The northwest passage will open and then the methanic permafrost will begin to melt and it will be the end of ships, the end of travel, the likely end of humanity.

"Very cool.  A contemporary

"Very cool.  A contemporary take on the seventh generation philosophy and never more relevant as now.  I read the blog on three factors in decision-making—I'm in complete agreement, except that that sometimes, solving the root of the problem, I have found, actually takes less time and considerably less money to tackle when compared to the cost of chasing symptoms. 


The whole phenomenon of mass denial and lack of the most logical, common sense foresight begs the question as to how so many of us have been able to be led astray or taught—dare I say "programmed"—to make decisions that affect our lives individually and collectively with so unbelievably little consideration or contemplation of impact and consequences.  It's really like finding that most people in our society believe 1+1 =3 when it's clearly and demonstrably 2.  How did this happen that we have the capacity for logic, reason and intelligence that we make such incredibly short-sighted and outright dangerous choices that will hurt us in the future?   Is this taught in our institutions?  Is it from media bombardment with corporate ads designed to get us to mindlessly buy their products that the employed psychology has inundated us to the point we don't recognize we are inundated--in essence, indoctrinated.  (Whether that be intentional or not is another question.)

Cool site.

Three Considerations for Decision Making

Mr. Brumm:

There is a fourth consideration.

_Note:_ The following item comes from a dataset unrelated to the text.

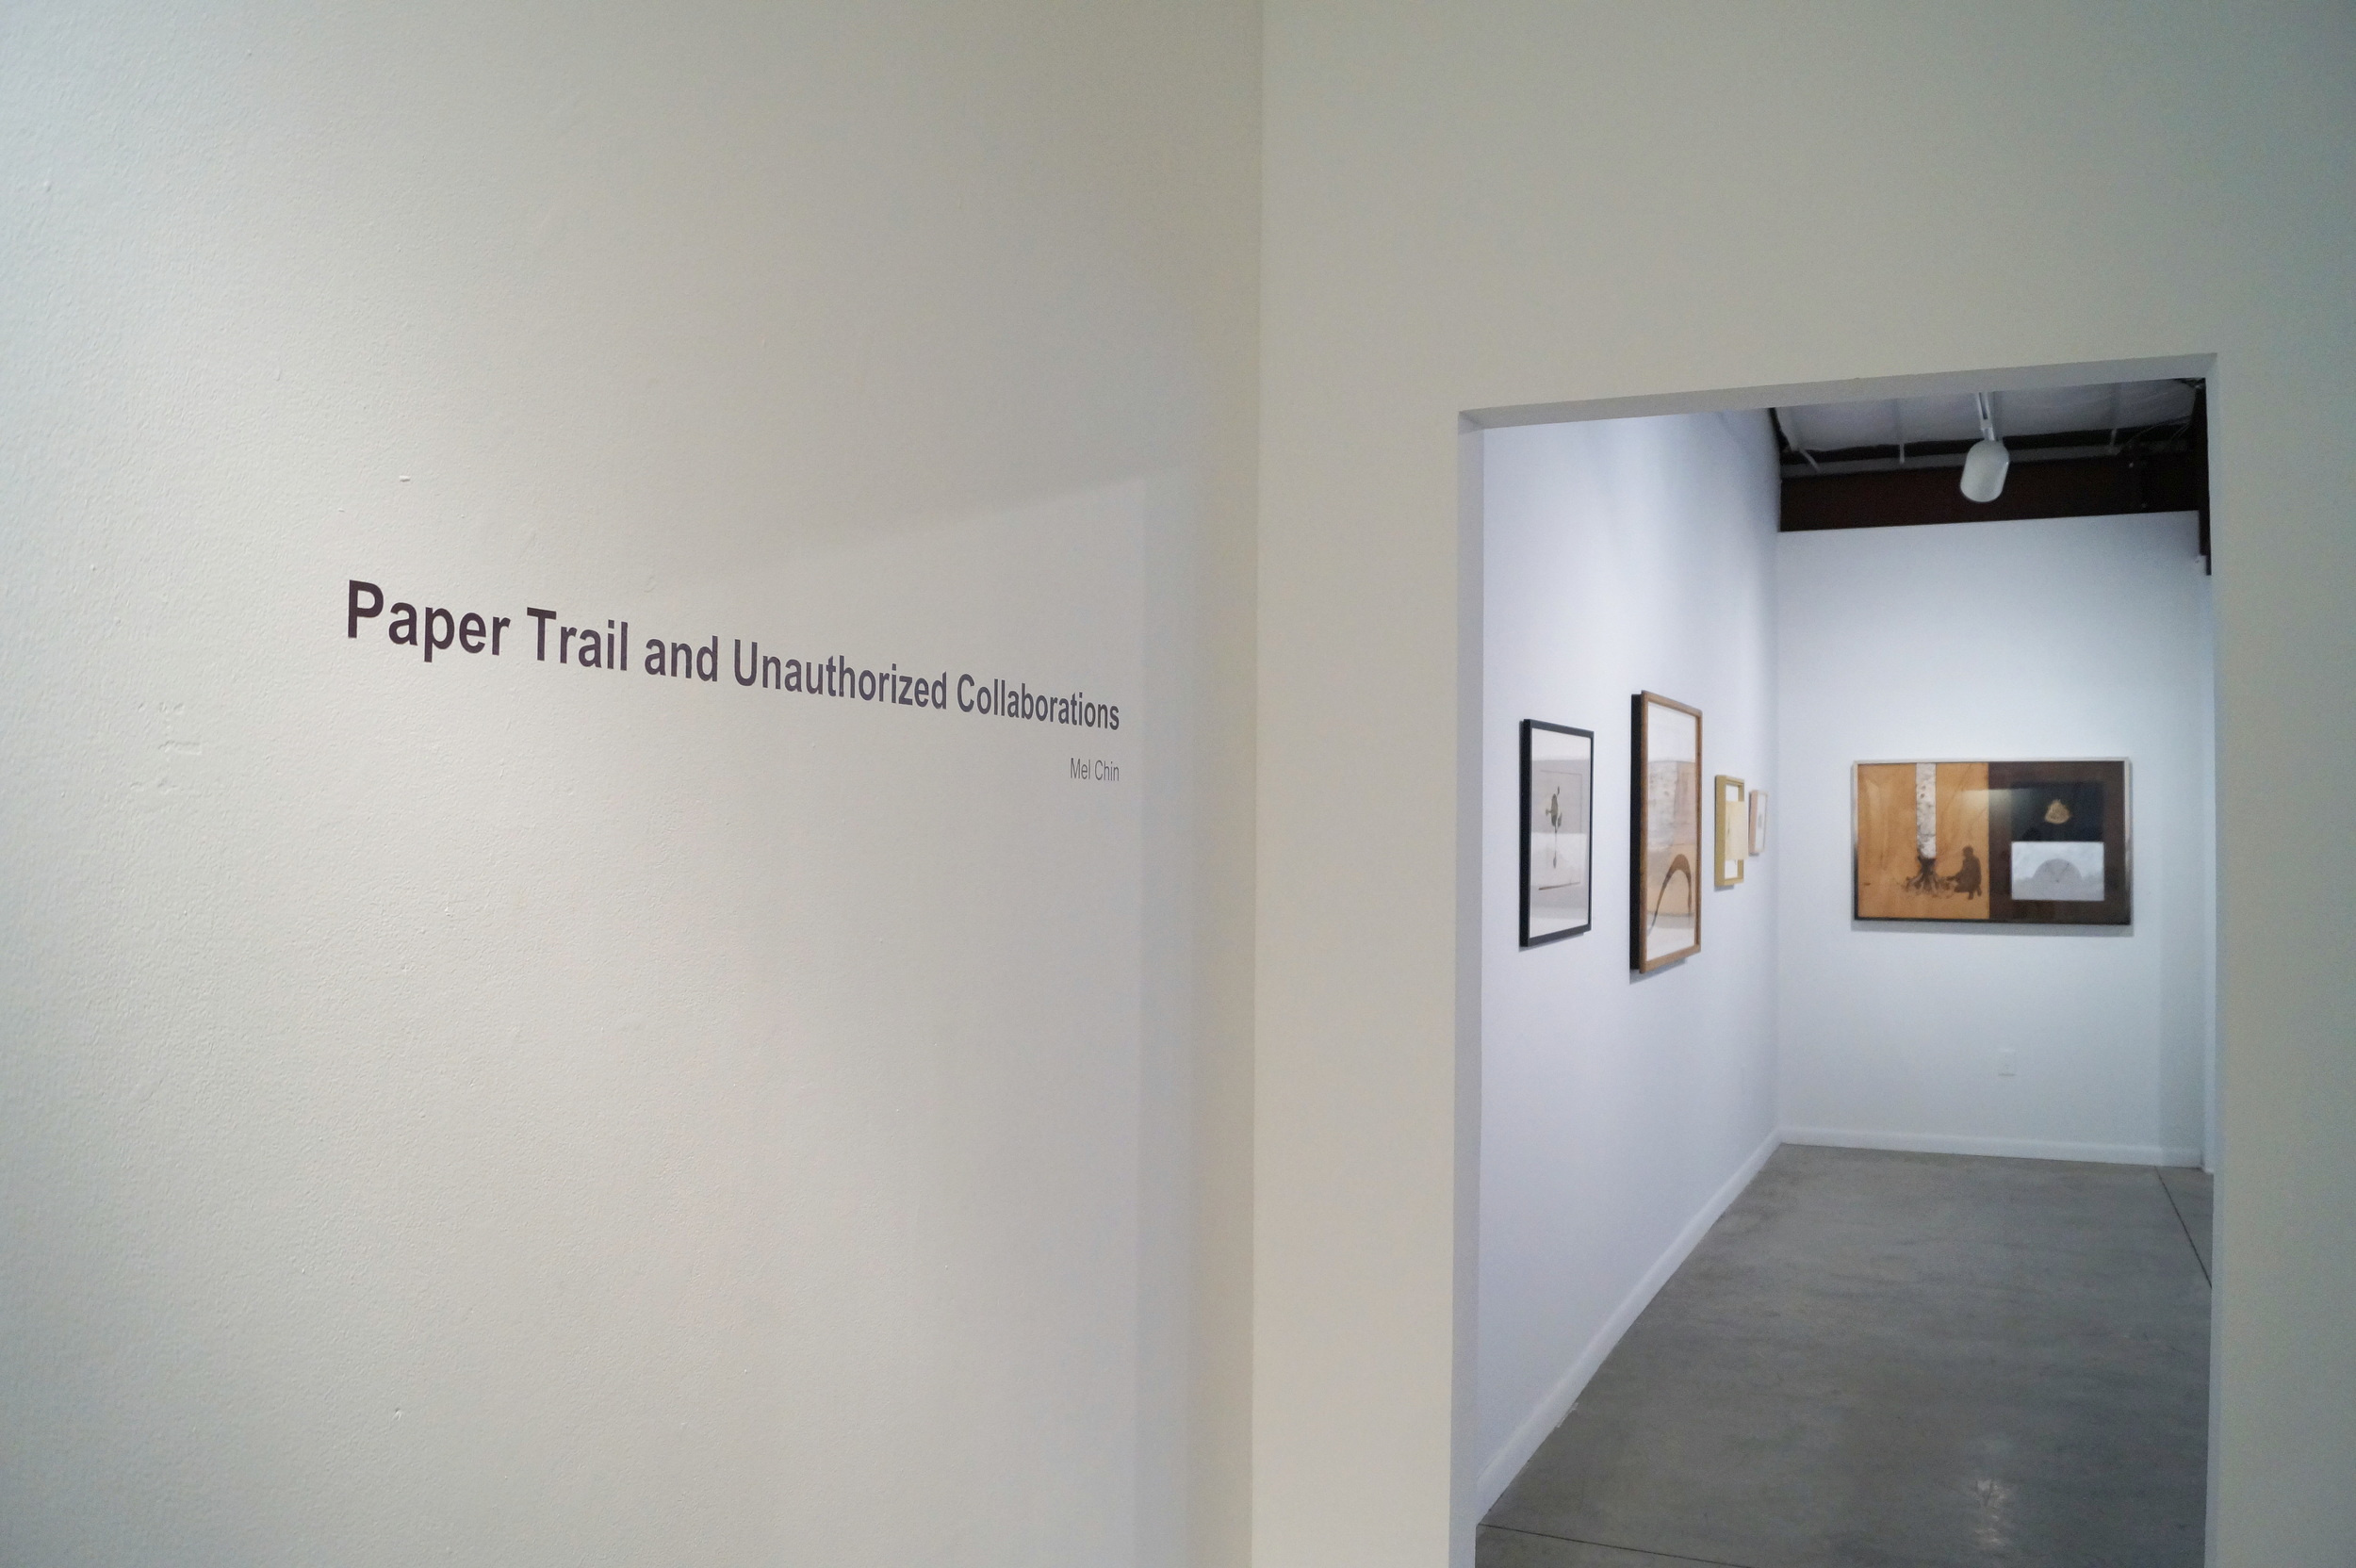 Paper Trail and Unauthorized Collaborations by Mel Chin - Photo by Jennie Ash 5.JPG

How do you suggest that we motivate a sufficient number of people on this planet to embrace long-term thinking? (Even by using the Pareto 80-20 rule, this would involve over 140 million people!)

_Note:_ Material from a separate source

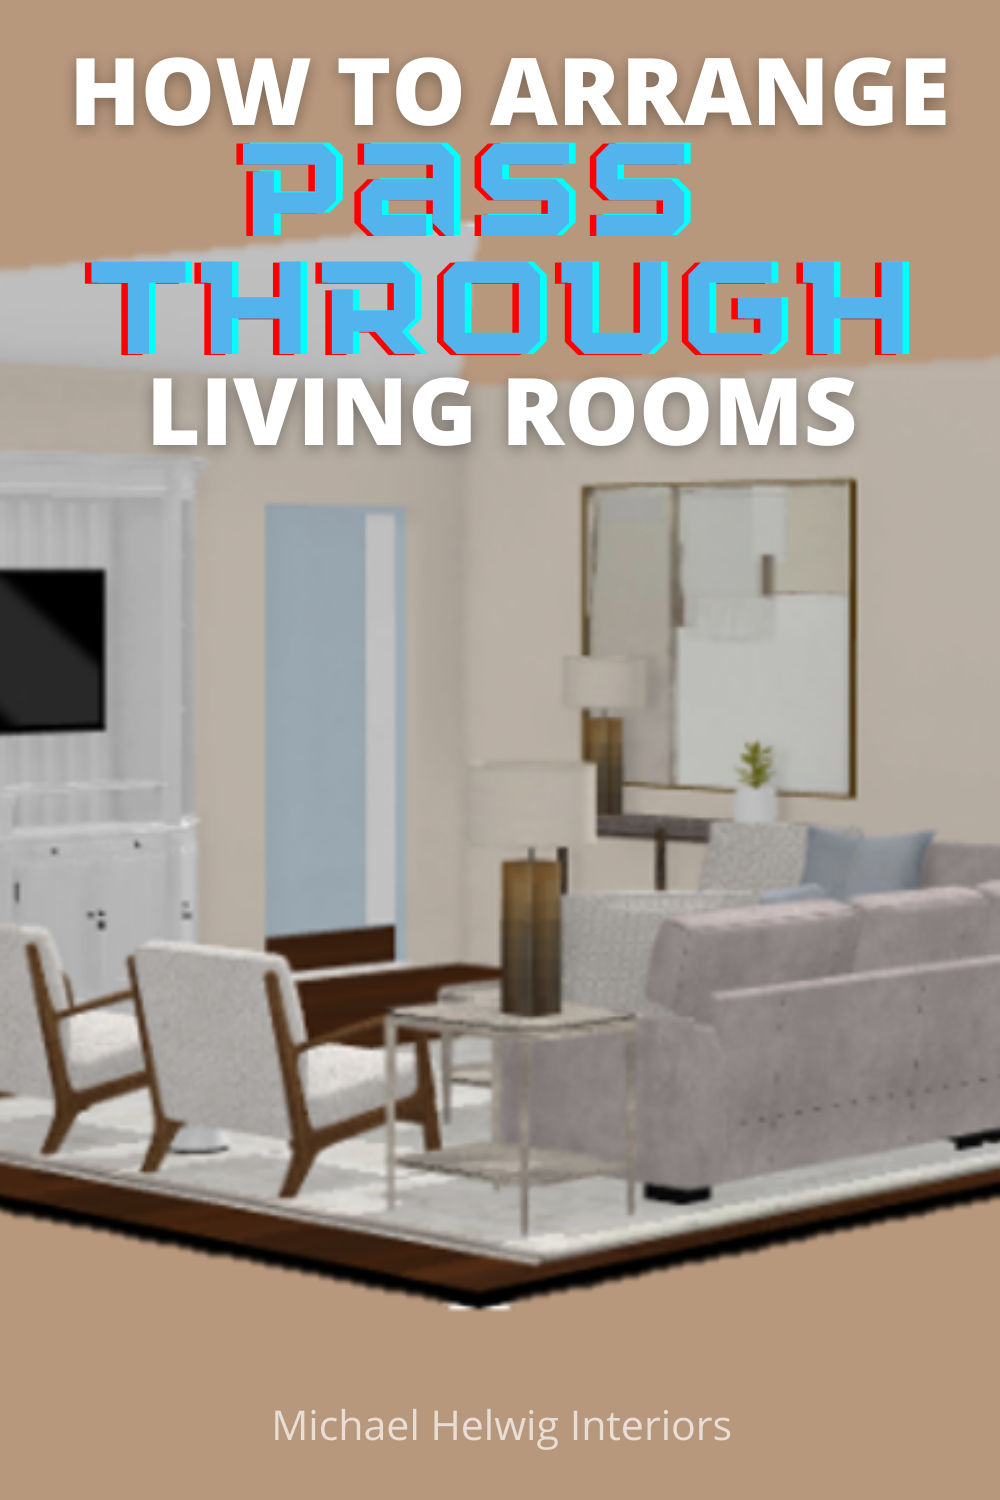 Living Room With 3 Or More Doors

And, as a fifth consideration, how do you suggest that we train a sufficient number of people to guide us toward long-term sustainability?

And, a sixth. Is there enough time?

For every thing that you choose to do on a planet-wide (or even a community-wide) scale, the number of variables and their attendant impacts is enormous. This vast complexity is why people embrace short-term thinking or simply let someone else make their decisions for them.

Only by returning to a more simple lifestyle will we survive as a species. But, of course, doing this, too, involves an imponderable number of variables as well. No need to worry, though. Mother Nature will make this decision for us.

2007 was record ice melt and

2007 was record ice melt and look where we are all going. The Northwest passage will be again open and just think in a few years we can go up there to get the oil, gas and gold. What would Wall Street want to do? Go get the oil and gas and gold. Profit. Yikes

Don Hawkins

Three important considerations for decision making

I really appreciate this article.

Getting out of denial and working towards sustainable, pared down life requires a willingness to assume personal responsibility, and the real labor that follows. That has been a very difficult hurdle to overcome in my community. There is a mantra of helplessness to overcome, as well as a mantra of entitlement to others fruits of labor.

We have to stop making excuses for people who avoid productive endeavors, whether they are at the “top” of the chain, or the “bottom”. Enabling takers is only making the mantras more entrenched. There is no broad swath, only case by case basis. There is plenty of non-paid work to be done, and only some of us do it while others are idle. We have created some real parasites in ALL CLASSES.

I believe this should be a part of the long-term thinking.